The purity of 208 crude synthetic 25- and 50-base oligonucleotides synthesized in 71 DNA core facilities was assessed by capillary electrophoresis (CE), and the average coupling efficiency of each synthesis was determined. The median average coupling efficiencies of the 25-mers and 50-mers were 98.9% and 98.7%, respectively, and 85% of the samples exceeded the minimum industry standard of 98% average coupling efficiency. The overall yields estimated by on-line trityl monitors showed poor agreement with the empirically determined yield, and accuracy of the monitors decreased as synthesis efficiency decreased. The performance of the unpurified 25-base oligonucleotides, ranging in purity from 14% to 94%, as primers for automated DNA sequencing was evaluated. Over 85% of these oligonucleotides exhibited an unedited sequencing accuracy of > 97.5% over the 400-base test sequence.
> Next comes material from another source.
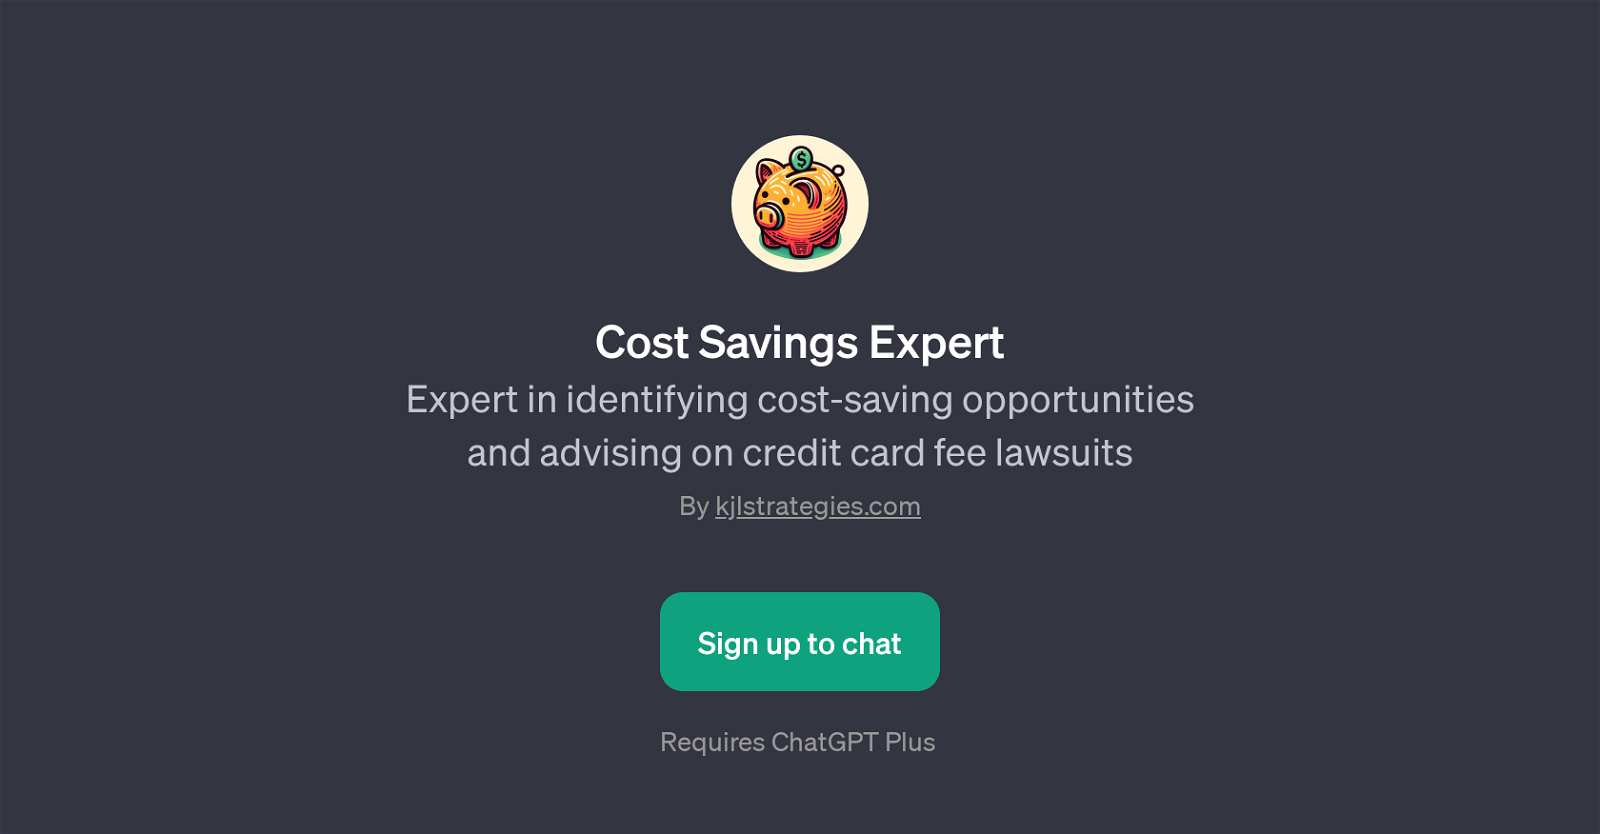 Cost Savings Expert website

Surprisingly, sequencing performance was not strictly related to primer purity, though a marked loss of performance was observed for primers < or = 70% pure (< or = 98.5% coupling efficiency). Thus, the vast majority of the oligonucleotides synthesized by the 71 core facilities participating in this study were of high quality and performed well as sequencing primers without post-synthesis purification or desalting. Finally, our results suggest that an increase in the standard minimum performance specifications of DNA synthesis instruments and reagents from > or = 98% to > or = 98.5% average coupling efficiency, or the development of rapid, inexpensive and efficient methods to detect syntheses below the 98.5% threshold, could obviate post synthesis purification of sequencing primers.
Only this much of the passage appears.